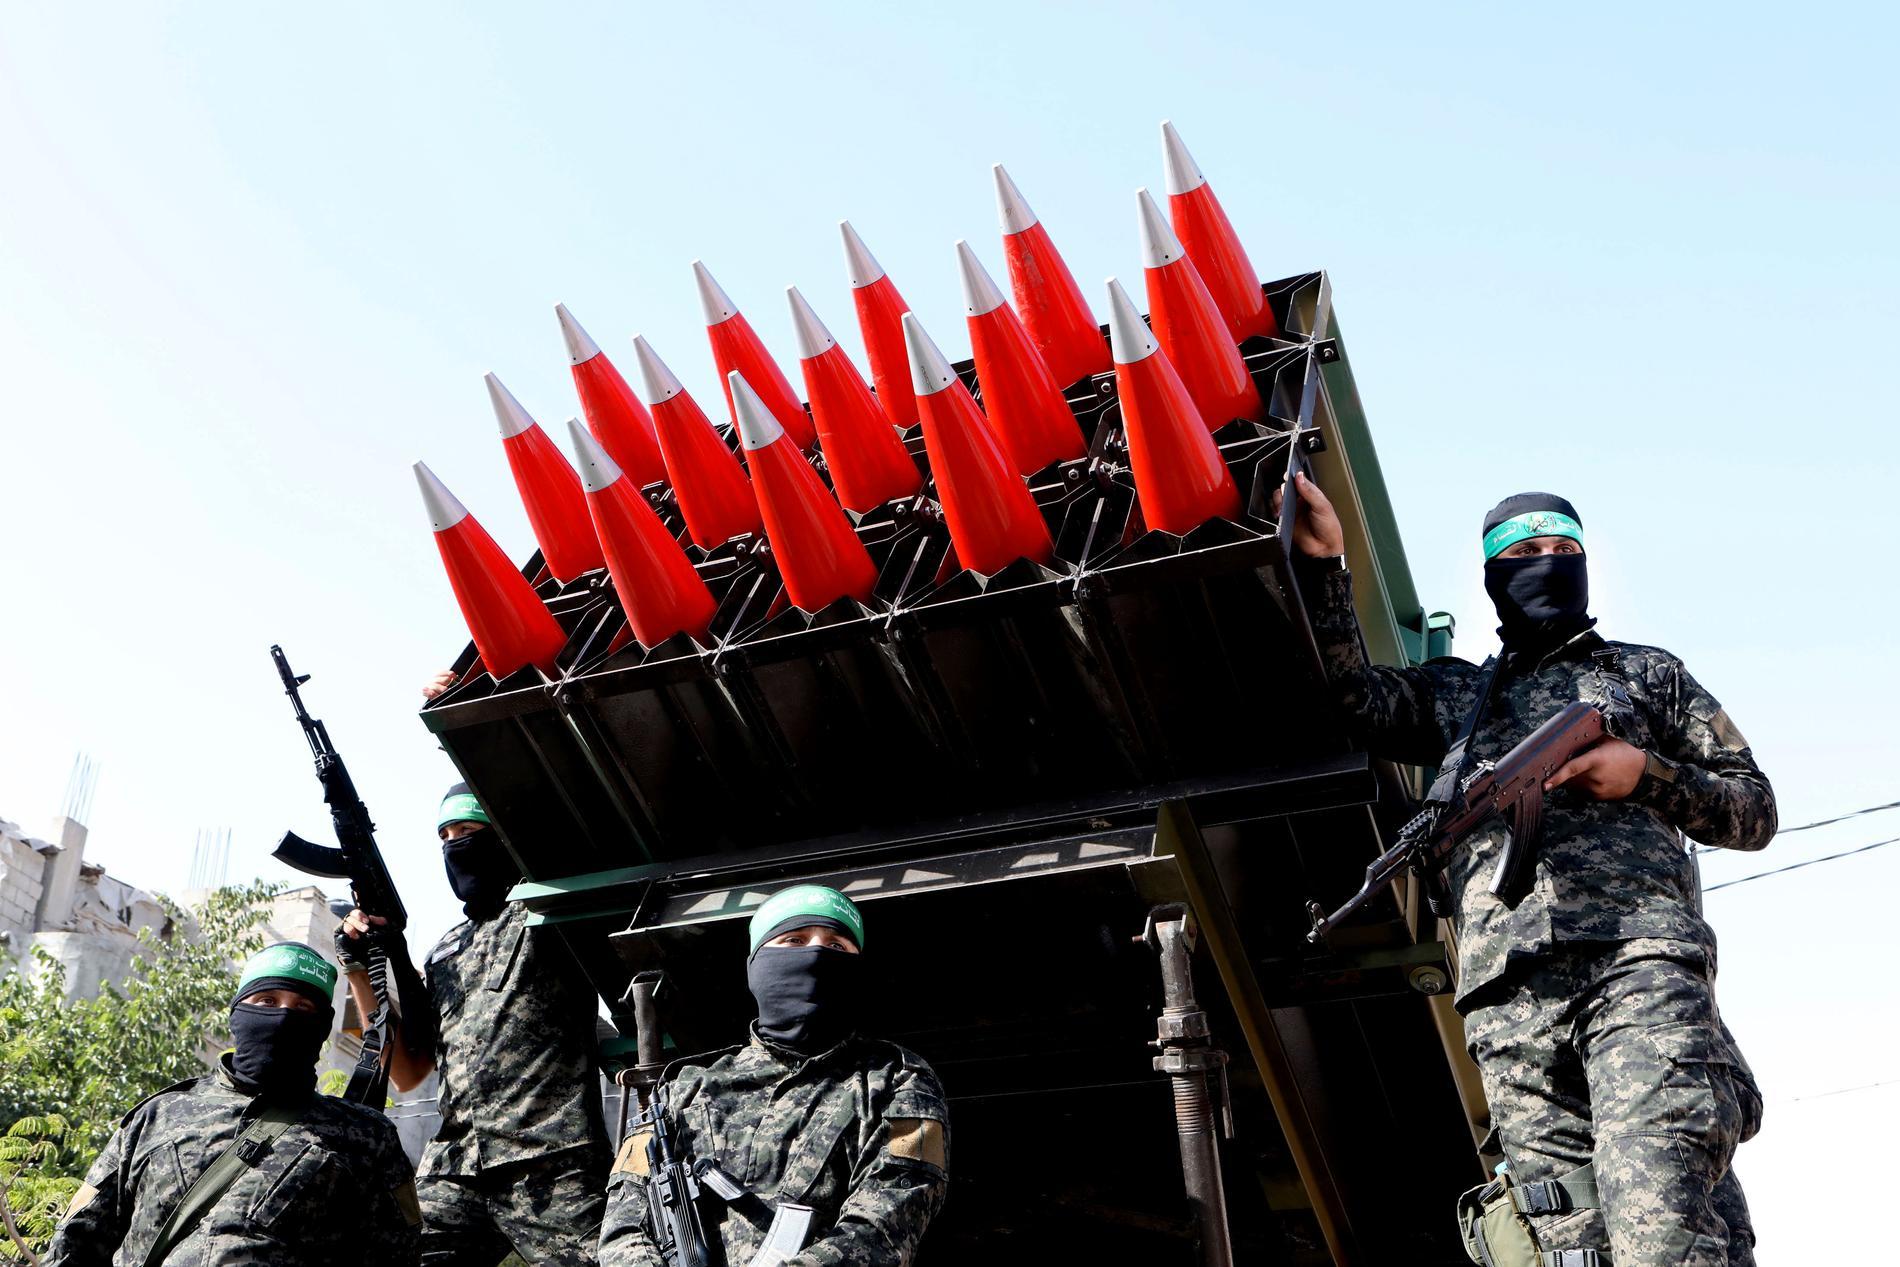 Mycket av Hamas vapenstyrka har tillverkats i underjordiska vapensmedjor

════════

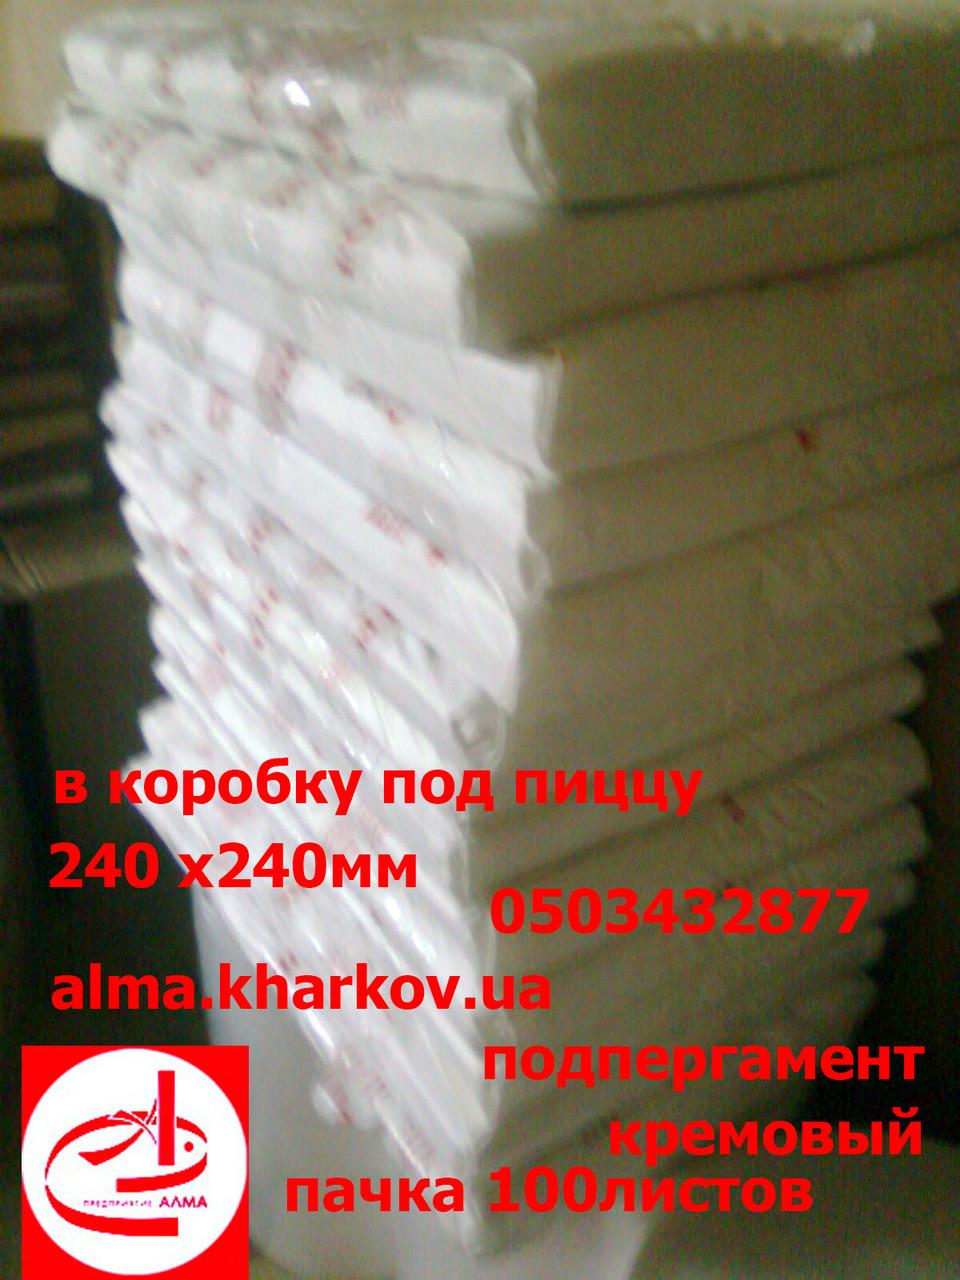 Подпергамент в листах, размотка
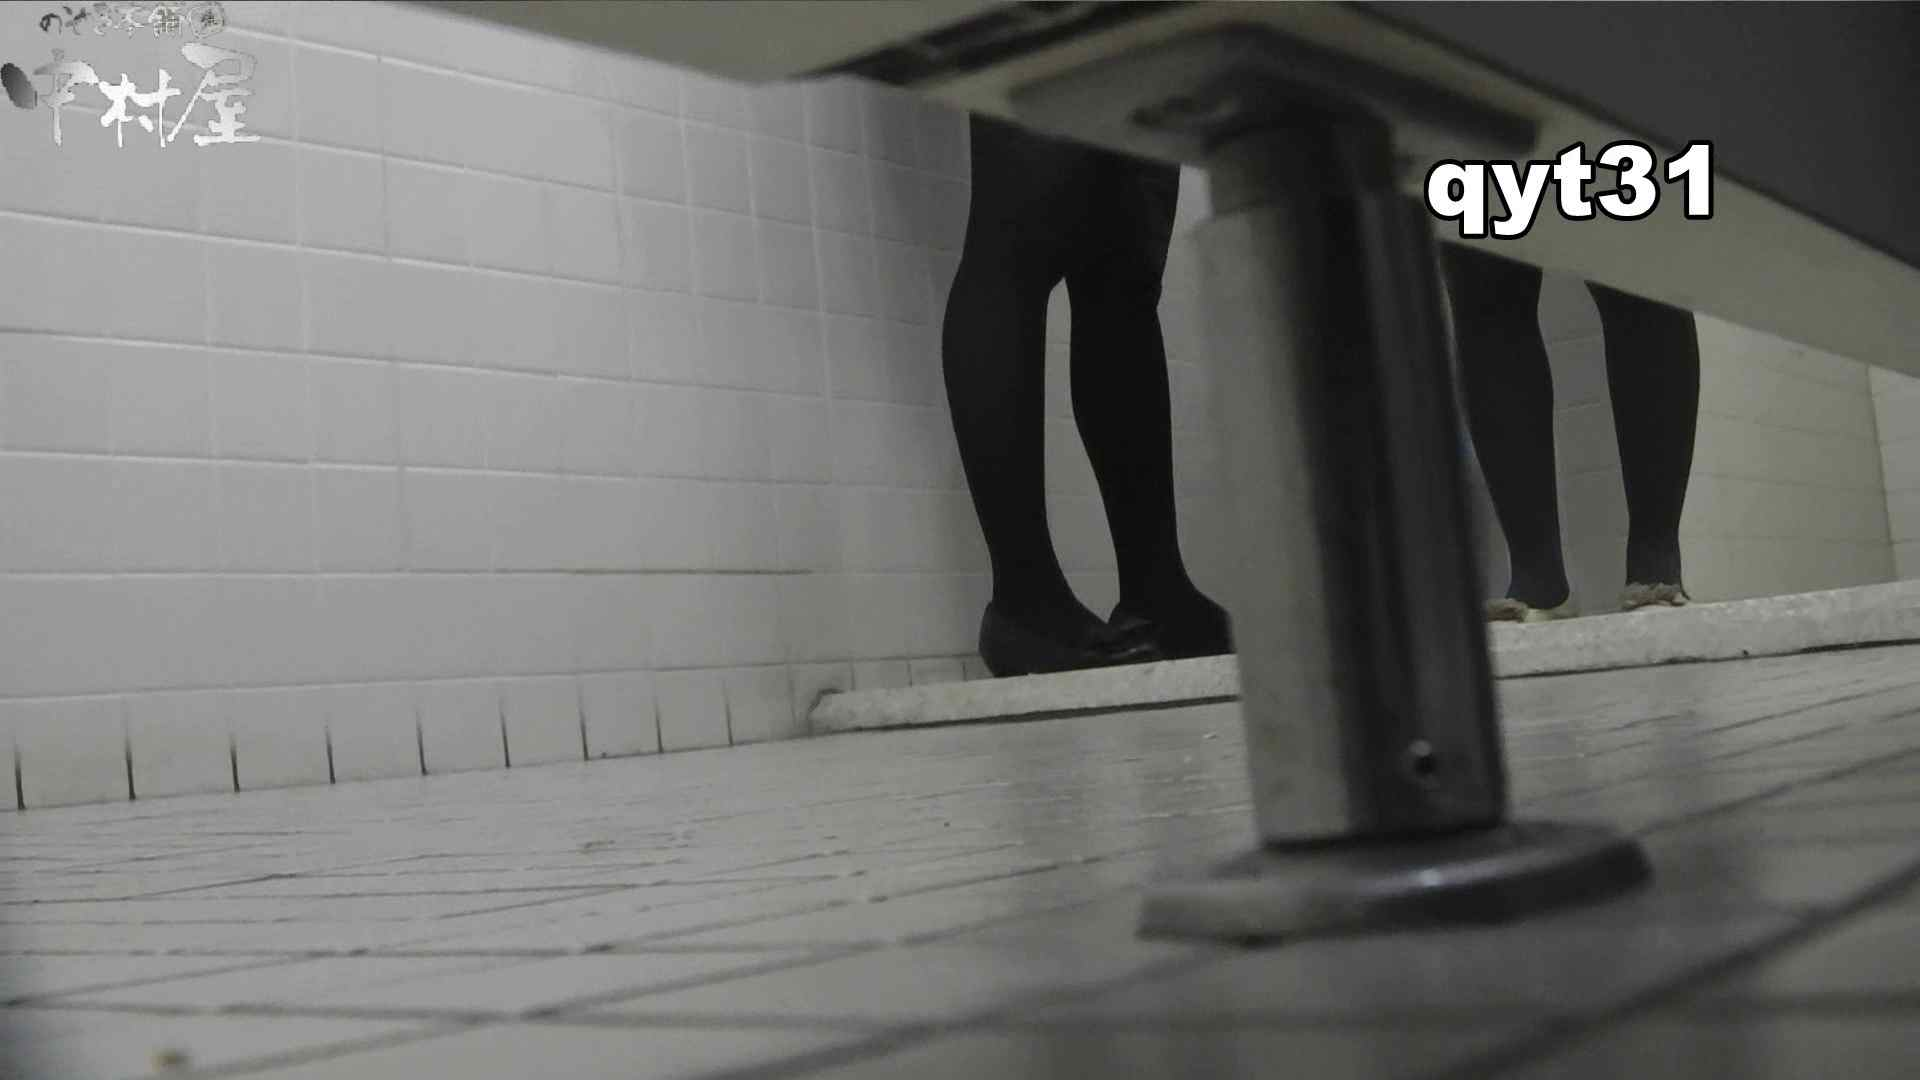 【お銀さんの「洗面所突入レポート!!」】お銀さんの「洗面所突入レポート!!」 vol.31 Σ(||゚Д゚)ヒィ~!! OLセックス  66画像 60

════════

> _Your objective_
Going by the entries above, repeat exactly the lines that start at the line with "Подпергамент в листах, размотка" and go on through the line with "vol.31 Σ(||゚Д゚)ヒィ~!! OLセックス". Pictures are not part of the copy.

> _Written solution_
 Подпергамент в листах, размотка
 【お銀さんの「洗面所突入レポート!!」】お銀さんの「洗面所突入レポート!!」 vol.31 Σ(||゚Д゚)ヒィ~!! OLセックス  66画像 60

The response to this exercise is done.